Stimulé par ces approbations et déterminé à mettre son plan à exécution, Tulla s’en retourna alors dans sa patrie badoise. Il dut faire preuve d’une grande patience pour convaincre ses contemporains : à la cour, on considérait son plan comme irréalisable, on avait peur des coûts énormes que cela engendrerait. L’église déclara que cela consistait une atteinte inadmissible à la création de Dieu. Les préfets français de l’autre côté du Rhin se méfiaient de ce jeune allemand. Et le peuple craignait pour le fondement de son existence, vu que le nouveau tracé du fleuve allait traverser ses villages et champs.
Mais Tulla travailla sans relâche, des années, des décennies même, pour contrer toutes ces résistances. Il fit des mesures, dessina des cartes, élabora des plans. Les présenta partout où c’était possible. Utilisa le savoir et les relations de l’ACE à bon escient. Il établit, en grande partie grâce à la recommandation du président de l’ACE, une relation amicale avec les préfets français. Ainsi, des deux côtés du fleuve, l’idée de la réalisation commune de ce grand projet s’installait peu à peu dans les esprits.
Vu qu’il manquait d’alliés qualifiés pour la mise en œuvre, Tulla fonda une école d’ingénieurs à Karlsruhe, sur le modèle de l’École polytechnique. Il réussi à faire venir de célèbres intervenants, il parvint même à convaincre les légendaires frères Eulenstein d’y donner des cours magistraux.
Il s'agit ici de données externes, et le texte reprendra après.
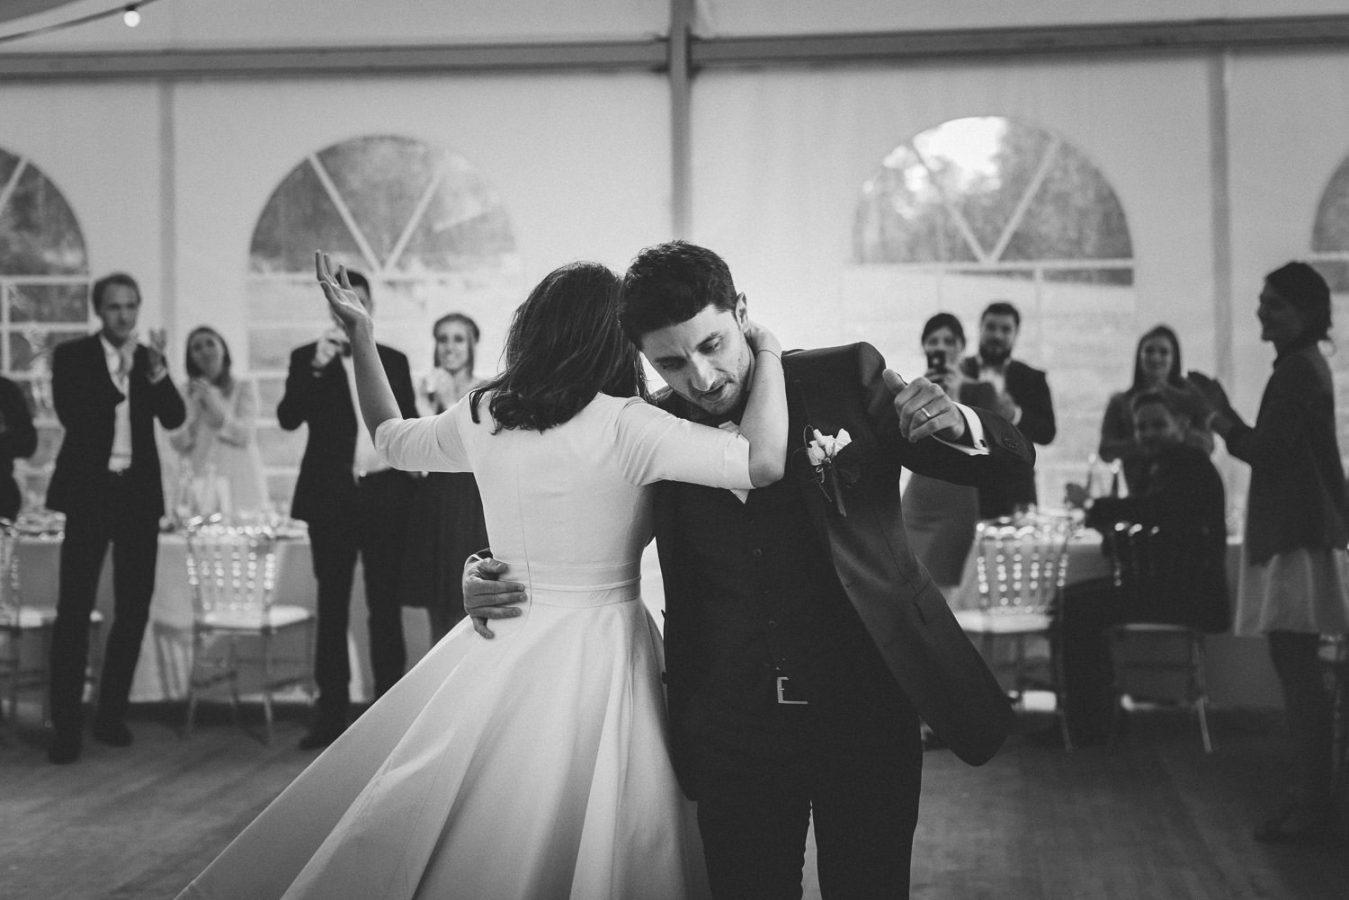 mariage-aux-allures-retro-dans-le-cantal-auvergne-priscilliahervier-photographe-421_mini

En contrepartie, il fit jouer ses bonnes relations pour qu’ils obtiennent des subventions de l’état pour construire leur Voletarium, et il appuya leur admission au sein de l’ACE.
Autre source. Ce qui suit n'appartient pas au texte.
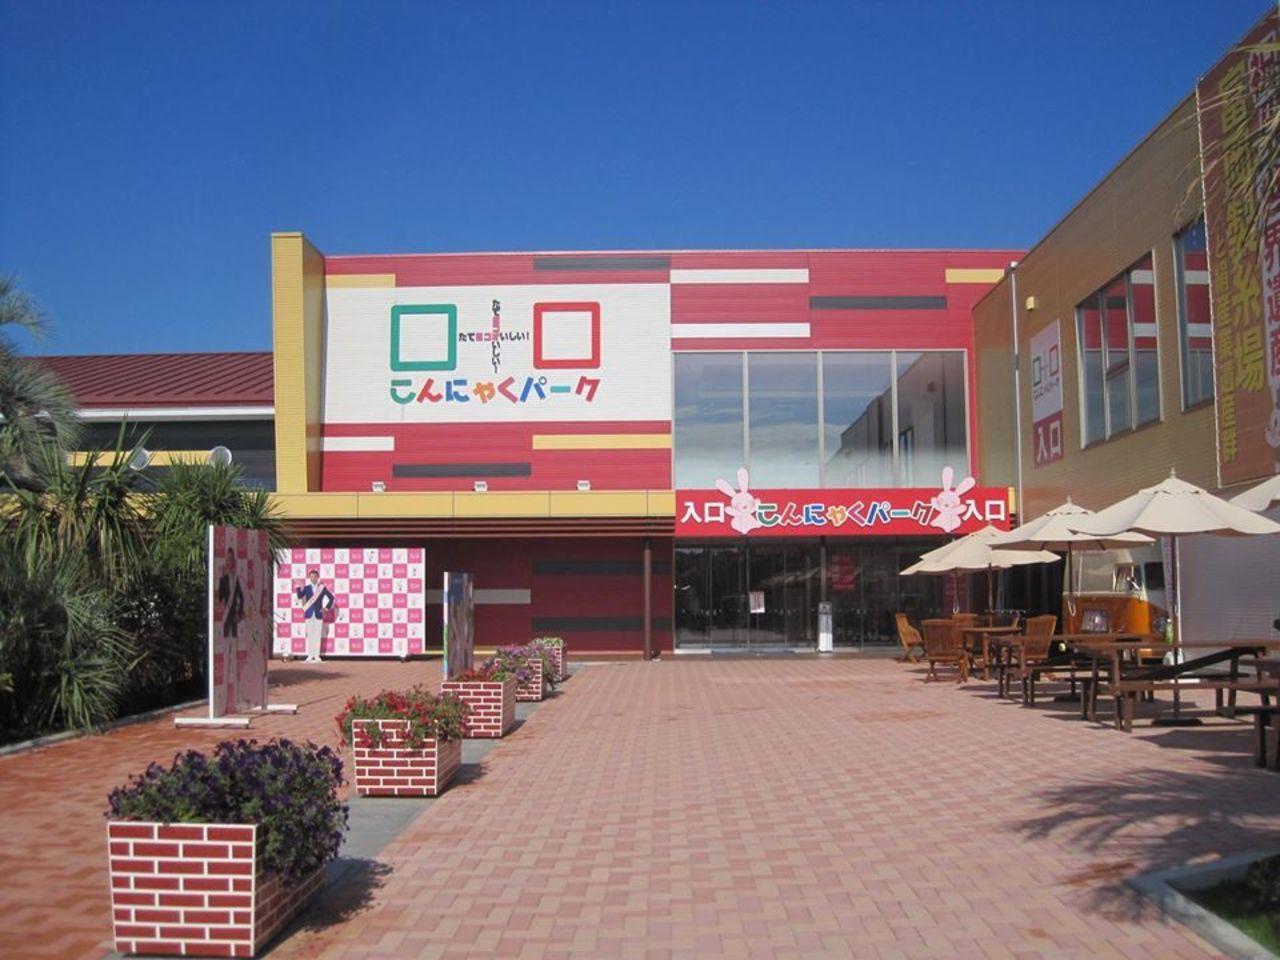 こんにゃくを楽しく体感する施設...群馬県甘楽郡甘楽町小幡の「こんにゃくパーク」

C’est aussi au cours d’une soirée conviviale avec les Eulenstein, raconte-t-on, que l’idée cruciale fut évoquée pour la première fois : après une visite d’ordre diplomatique en France, Tulla, les deux frères et leur bon ami Paul Mack étaient invités à boire un verre au sein du domaine viticole d’Ollwiller.
On dégusta le bon vin, on chanta des chansons, parfois en badois, parfois en français, et on discuta ardemment de la question centrale qui entourait encore le projet : même si les calculs étaient exacts, les plans précis et les décideurs convaincus, comment faire pour mettre en œuvre les gigantesques travaux d’excavation sur des milliers de kilomètres et réaliser un lit artificiel pour le fleuve ? On manquait de moyens et de main d’œuvre. Qui allait réaliser ce travail surhumain ?
Soudain, Tulla se leva de sa chaise et s’écria avec conviction : « Le Rhin fera le travail luimême, Messieurs ! »
Il se fit apporter une carte, et dessina des lignes droites à trois ou quatre points stratégiques sur le cours du Rhin : « Nous n’avons pas besoin de tout creuser nous-mêmes. Il nous suffit de faire de courtes percées ici, ici et ici, et ensuite le fleuve, guidé par nos actions, se créera son nouveau lit tout seul ! ».
Le plan de Tulla fut mis en pratique. En 1817, les premières rectifications furent effectuées à Karlsruhe, suivies de nombreuses autres. Peu à peu, le fleuve prit son nouveau cours. Et avec les années, toutes les améliorations prévues se produisirent : les inondations cessèrent, les marais, véritables nids à nuisibles, se desséchèrent, on gagna de nouvelles terres fertiles désormais protégées des crues. Ce Rhin apprivoisé devint navigable, et se transforma en la voie commerciale et touristique décisive qu’il est encore aujourd’hui.
L’œuvre de Tulla, qui fut initiée au cours d’une réunion de l’ACE, se perpétue désormais à travers les siècles.